Невыносимы правила игры.
Он на груди сложил печально руки,
Что вверх бросали яркие шары.
Всегда живой, так непонятно страшен,
И вверх торчит, чертами заострен,
Орлиный нос, что был всегда украшен
Безумно красным радостным шаром.
Между веселых глупеньких репризок
Он грустен был, и странно вообще,
То, что никто не знал, как с ним бы не был близок,
Что у него творилось на душе.
Над ним борцы безбожно потешались,
Гимнастки снисходительно вели
Себя. Он звонко плакал – все смеялись.
А слезы настоящие текли.
И был удел его невыносимо горек.
Ему другая снилась красота:
Был не воздушный шар в руке, а - бедный Йорик!
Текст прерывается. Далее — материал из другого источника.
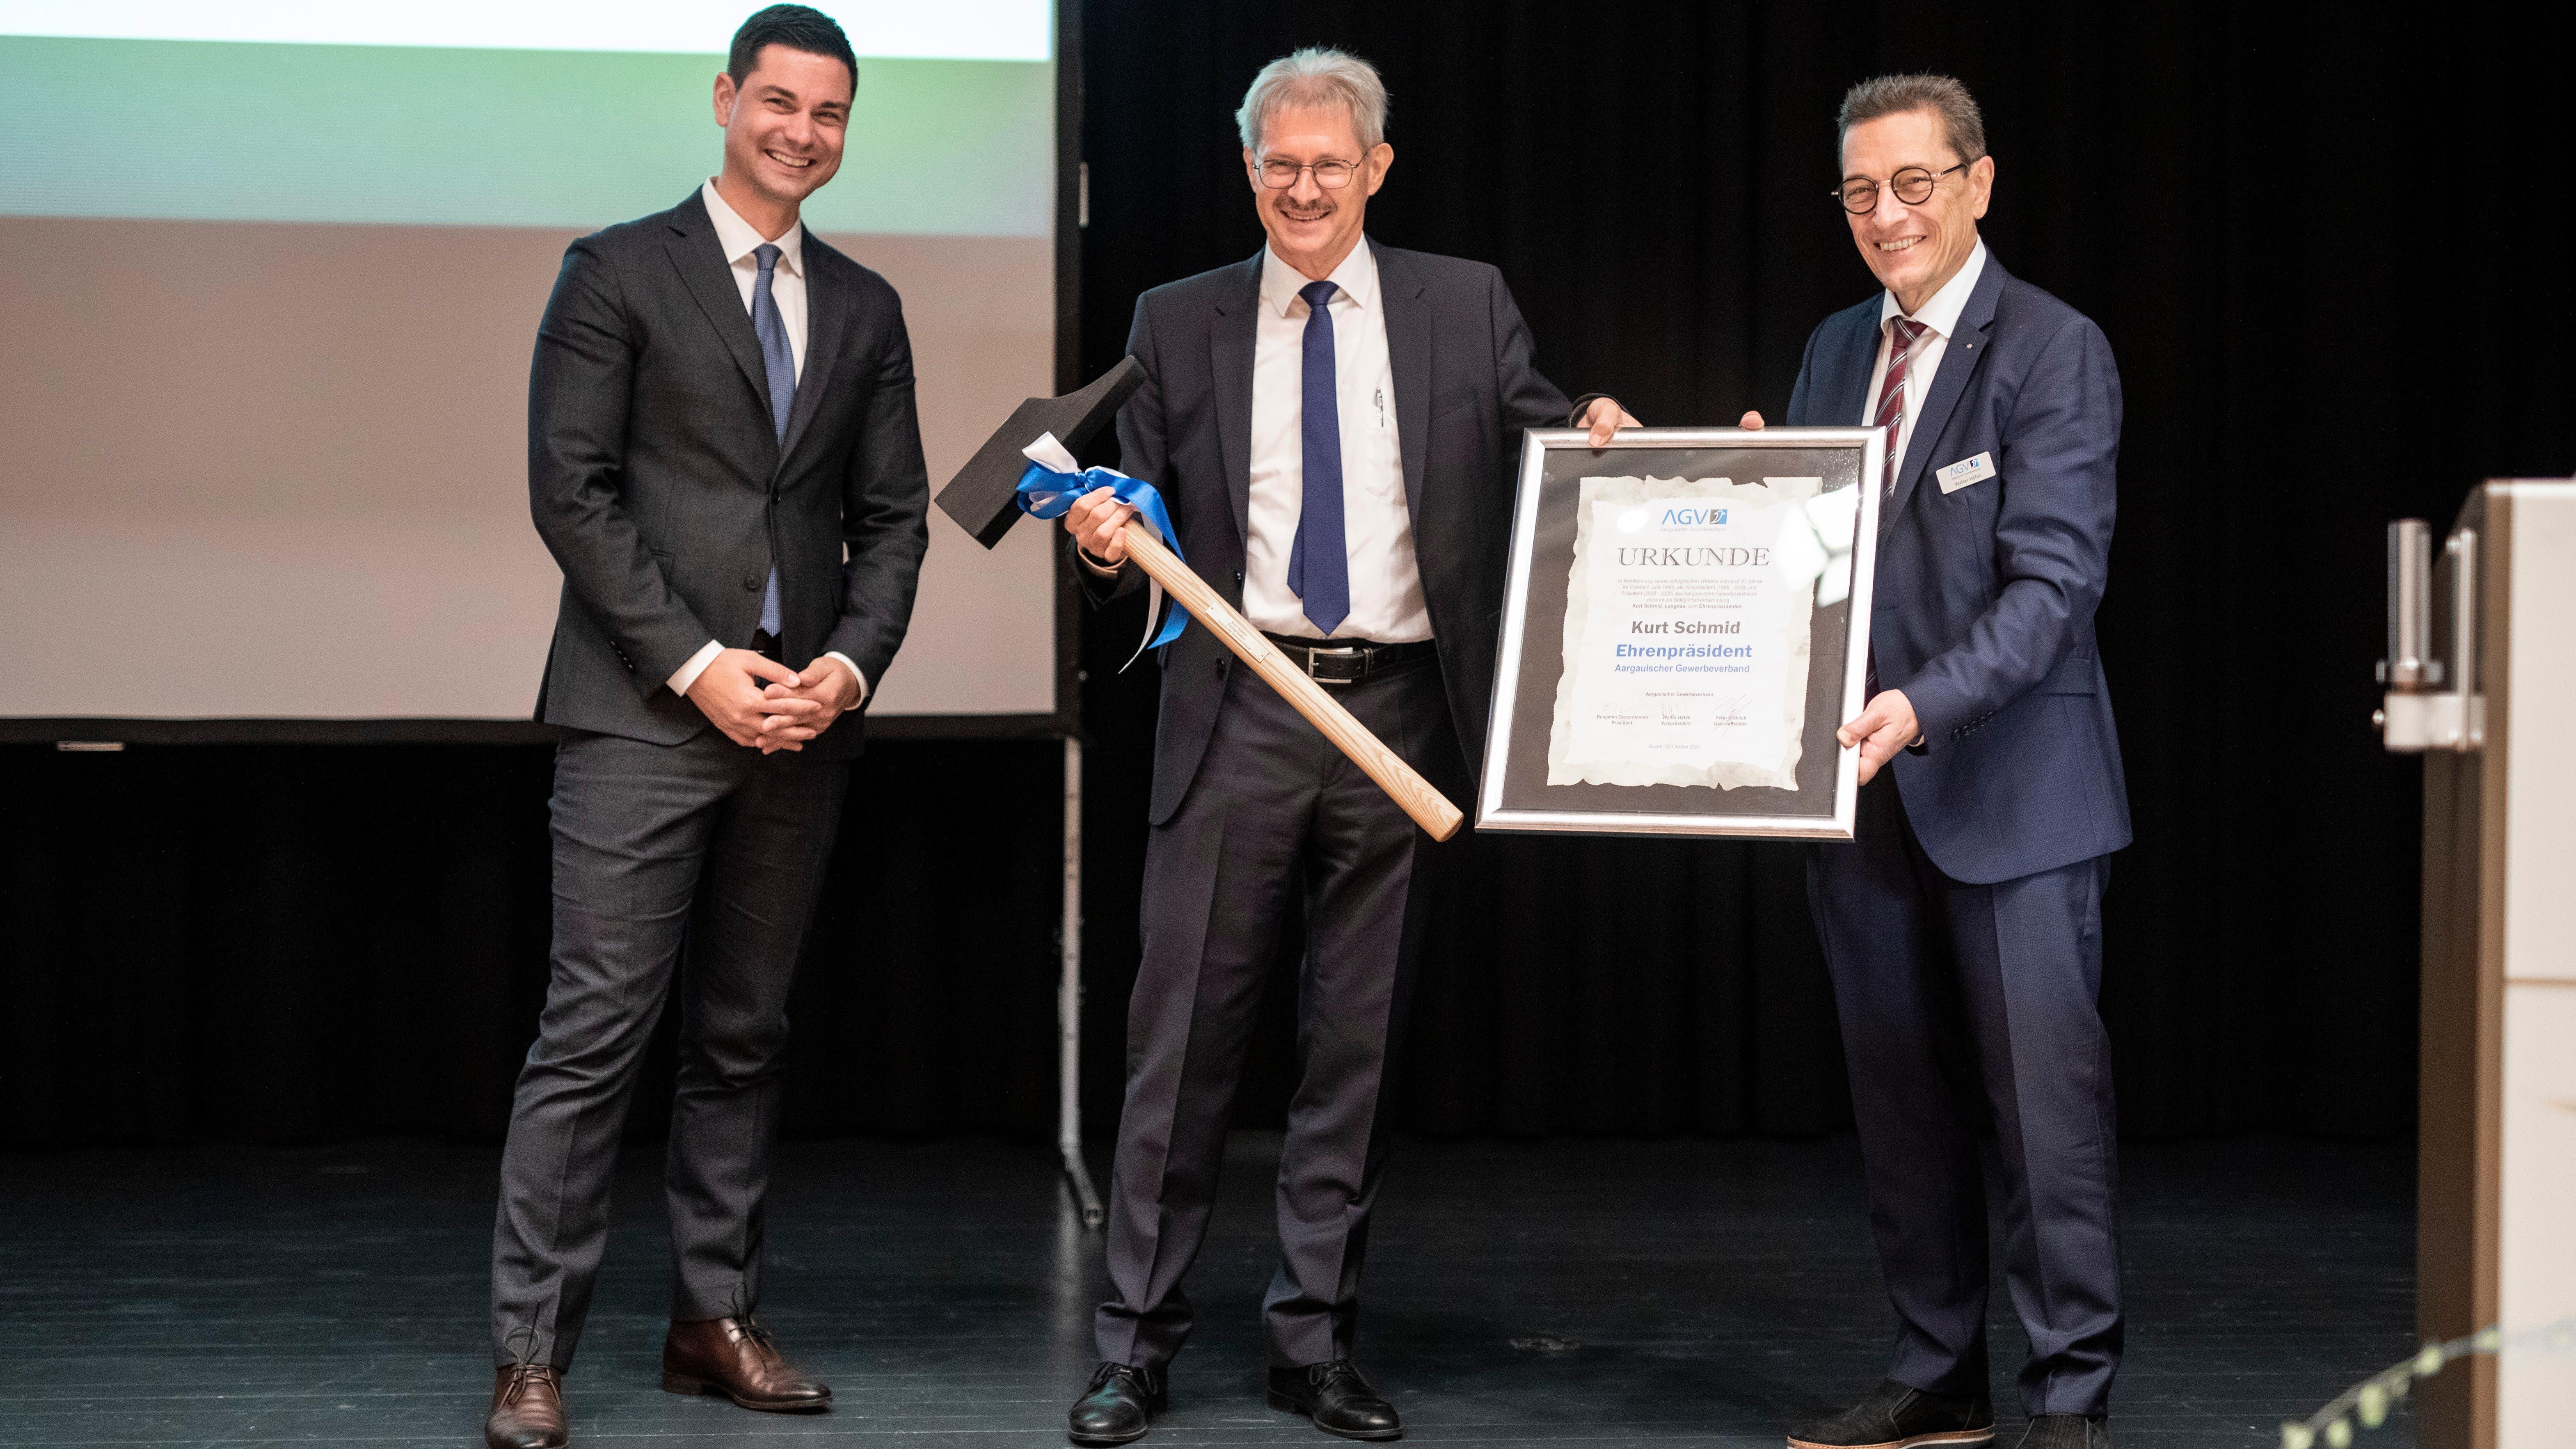 Kurt Schmid (CVP) übergibt sein Amt an SVP-Nationalrat Benjamin Giezendanner (links). Walter Häfeli (FDP) bleibt Vize-Präsident.
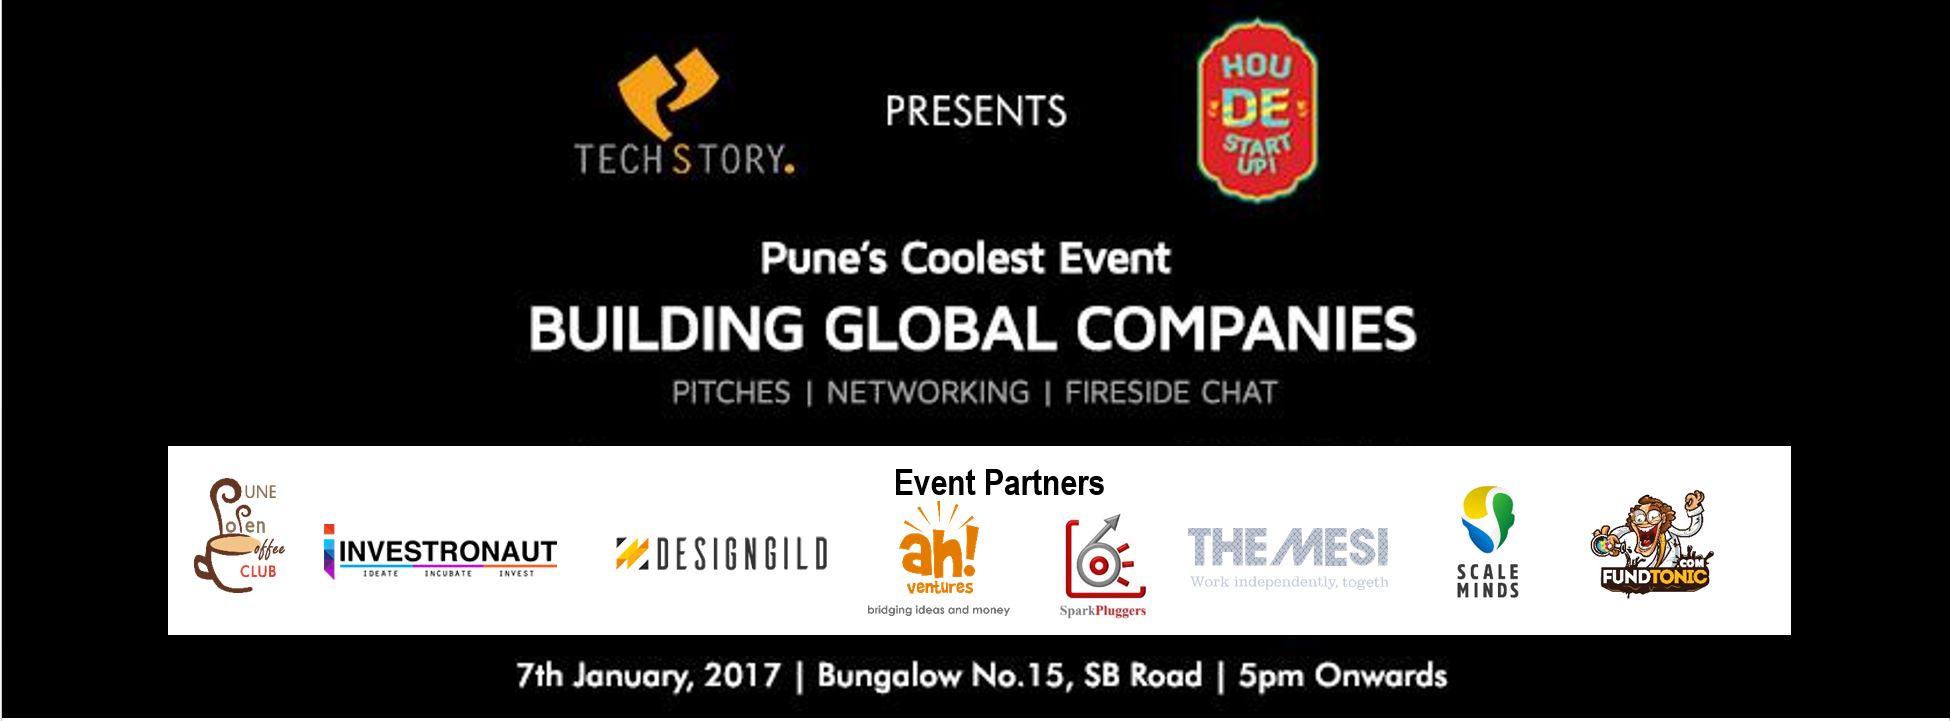 Hou De Startup - Pune's Coolest Startup Event ! - Explara

Белесый череп старого шута.
Ночами плача, он мечтал о сцене,
Под нос себе шепча какой-то вздор.
И так случилось – умер на арене
Великий и непризнанный актер.
От страшных мыслей никуда не деться,
Что каждый будет у конца пути.
Разорвалось истрепанное сердце,
Разбрызгав по арене конфетти.
Смех отзвенел, последний марш исполнен.
Удел для всех один, в конце концов.
Но он быть богом мог…А он был клоун -
Под ярким гримом грустное лицо…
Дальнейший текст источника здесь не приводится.